Le plasmide CRISPR/Cas9 KO BAT1 (h) est un ensemble de plasmides conçus pour la disruption ciblée du gène DDX39B dans les lignées cellulaires human. Chaque plasmide co-exprime un ARN guide unique (sgRNA) ciblant un site distinct au sein du DDX39B, ainsi que la nucléase Cas9 de Streptococcus pyogenes. Les plasmides codent également pour la GFP, ce qui permet l'identification par fluorescence et l'enrichissement des cellules transfectées avec succès par microscopie à fluorescence ou cytométrie en flux.

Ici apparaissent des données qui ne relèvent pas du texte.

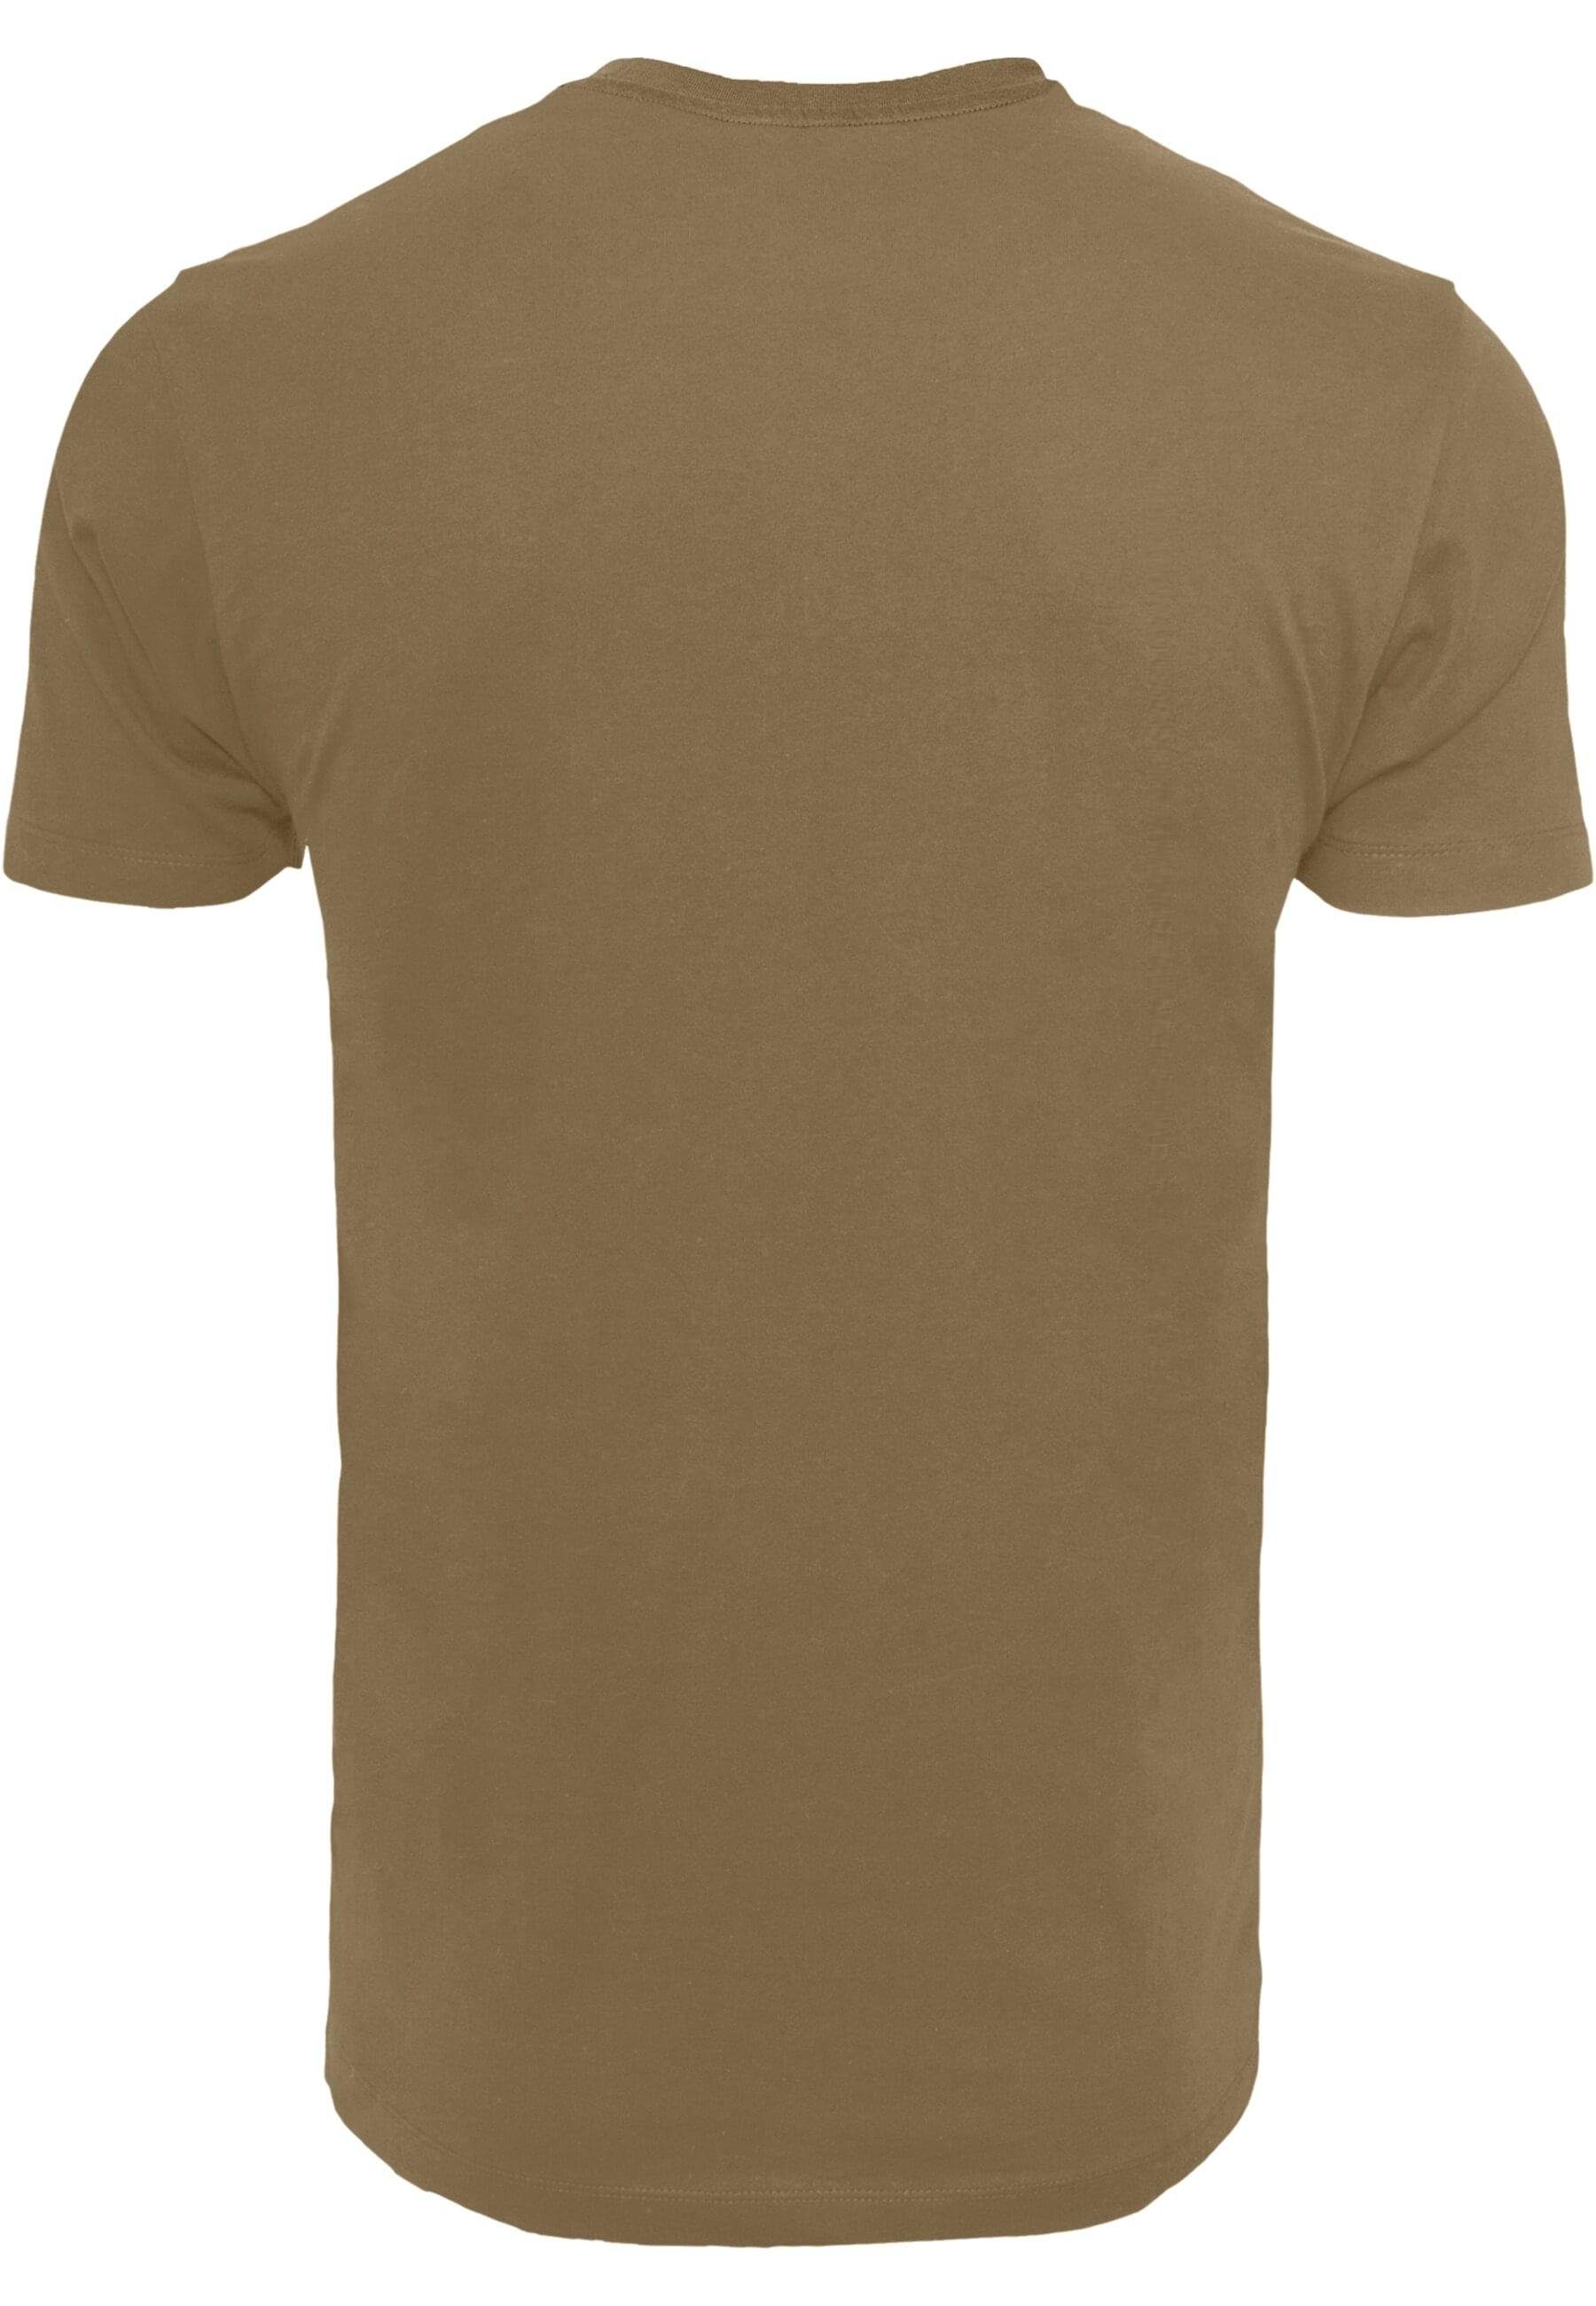 Merchcode T-Shirt Herren I Love Layla X T-Shirt (1-tlg)

La conception multi-guide augmente la probabilité de générer des insertions ou des délétions (indels) qui perturbent le cadre de lecture ouvert DDX39B à la suite de la formation de cassures double brin médiées par Cas9. Les cassures d'ADN introduites par le système CRISPR/Cas9 sont réparées par des voies endogènes de jonction non homologue (NHEJ), ce qui entraîne fréquemment des mutations par décalage du cadre de lecture qui suppriment l'expression de la protéine BAT1.
Ce système de knock-out CRISPR permet la génération efficace de modèles cellulaires déficients en DDX39B pour l'étude de la signalisation de BAT1, les études de génomique fonctionnelle, la recherche en biologie du cancer et l'évaluation des réponses thérapeutiques dans des lignées cellulaires humaines.
CRISPR +/- HDR
Réservé à la recherche. N'est pas destiné à un usage diagnostique ou thérapeutique.